Piazza, Place, Ploschad
Wir nehmen die Metro, was wir uns schwierig vorstellten und was so einfach wie günstig ist. Die Rolltreppen nach unten sind beeindruckend lang. Der Boden unter Sankt Petersburg ist moorig, deshalb musste die Metro weit, weit unter Straßenniveau gebaut werden. Die Stationen – zumindest einige von ihnen – sind fast so prächtig, wie man es von Bildern aus Moskau kennt. Die Russinnen sehen trotzdem nicht alle aus wie Supermodels. Nicht in der Innenstadt und erst recht nicht dort, wo wir jetzt hinfahren: zur Station Moskowskaja. Die liegt an einer sowjetischen Riesenstraße namens Moskowskaja Prospekt, an welche wiederum der Moskowskaja Ploschad angrenzt. Ploschad heißt Platz. Auf diesem Platz steht Lenin. Neben ihm: eine Anlage von Springbrunnen. Dahinter: das Haus der Sowjets, erbaut zwischen 1936 und 1941. Sozialistische Architektur, klassizistische Anklänge, imposant. Eines der wichtigsten architektonischen Machwerke aus der Sowjetzeit, die man heute in Sankt Petersburg finden kann.

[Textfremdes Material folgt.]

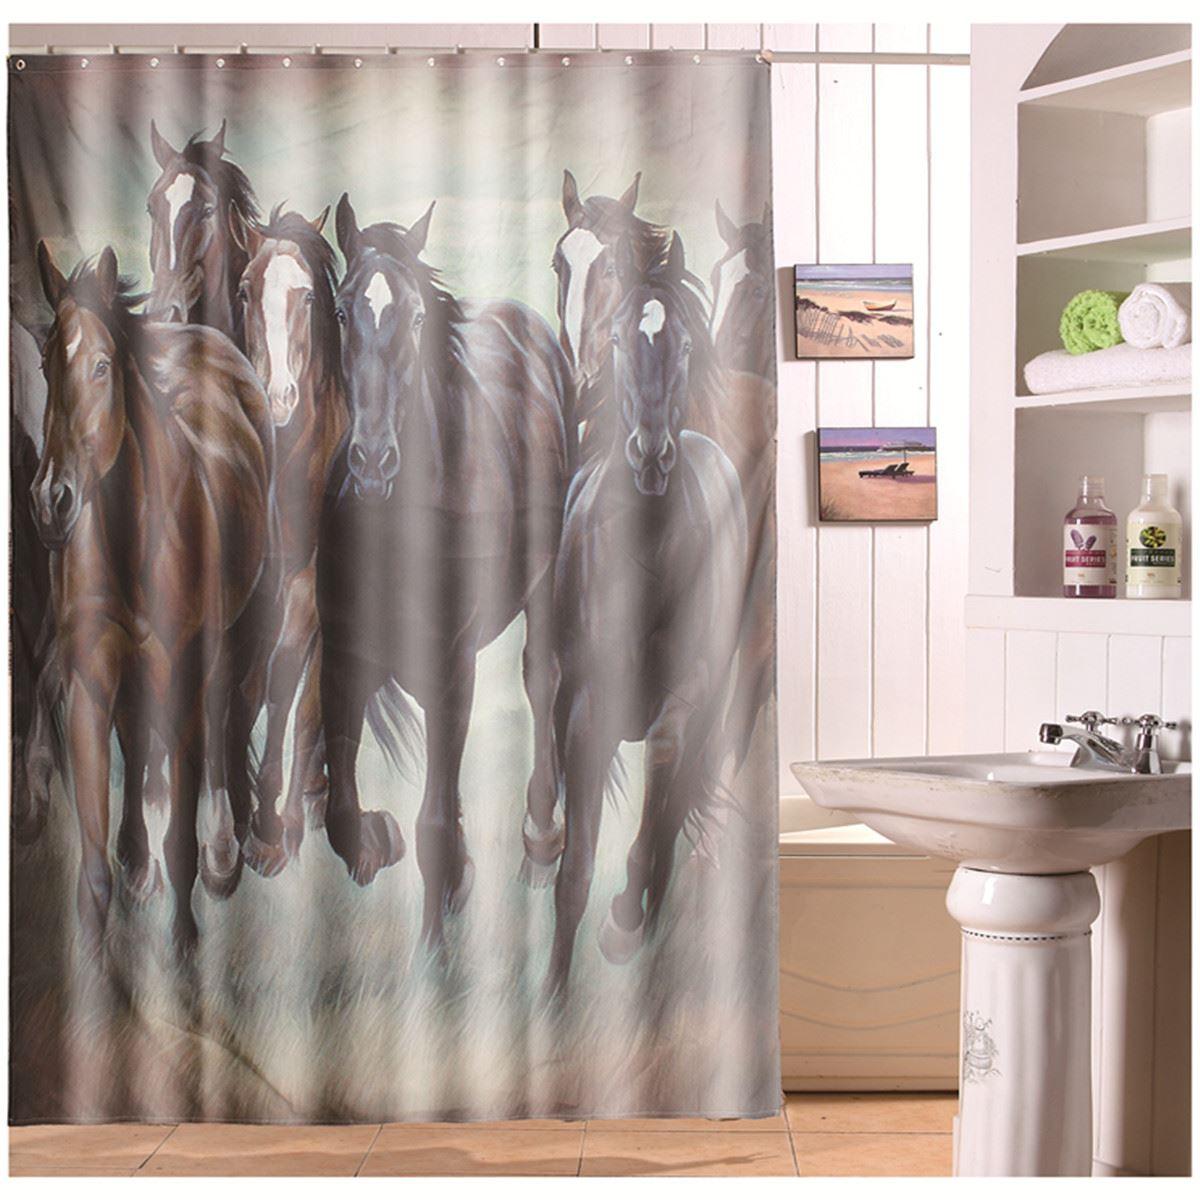 Cheval rideaux achetez des lots petit prix cheval rideaux en provenance de fournisseurs - Rideau de douche 180x180 ...

Die sozialistische Architektur sehen wir durch einen postsozialistischen Schleier von Wassertropfen. Zusammen mit vielen anderen Leuten sitzen wir unter blauem Himmel vor einem Vorhang von Fontänen und erleben mit, was sich hier so tut: Eltern mit Kleinkindern; Skater; Menschen, die auf dem riesigen Platz Pause machen. Summer in the city. Relaxt und gutgelaunt. Keiner stört den anderen. Der Ploschad ist größer als eine italienische Piazza, aber rund um ihn herum stehen Imbissbuden und Kioske auf breiten Bürgersteigen, und mich wehen südliche Assoziationen an. Hat das hier nicht etwas von französichen Boulevards, auf denen jede Menge Leben draußen stattfindet?
Summer in the city
Wir laufen durch die Straßen rund um den Platz. Kastenförmige Wohnhäuser mit Plattenbau-Charme neben alter Bausubstanz. Wohnarchitektur in warmem Gelb, gelegen an lauschigen Alleen. Auch hier: Buden, Kioske, Läden. Sympathische Stimmung. Wir wissen nicht viel, möglicherweise befinden wir uns in einer besseren Wohngegend. Überhaupt erleben wir hier nur eine Momentaufnahme. Und es ist nicht so, dass alles rosig wirkt. Am Straßenrand stehen immer wieder alte Leute und verkaufen Gemüse für wenig Geld. Wir sind nicht so unwissend, dass wir das Leben in Russland für einfach halten, nur weil wir im Sonnenschein durch Alleen in der zweitgrößten Stadt des Landes spazieren. Aber wir sind ab jetzt auch nicht mehr so unwissend, dass wir Russland doch irgendwo in unserem Hinterkopf für das Bedrohliche, Wilde, Fremde halten. Obwohl meine kleine Tochter und ich auf der Rückfahrt ins Zentrum mehrmals unsanft aus der Metro geschubst werden, weil wir im Weg stehen.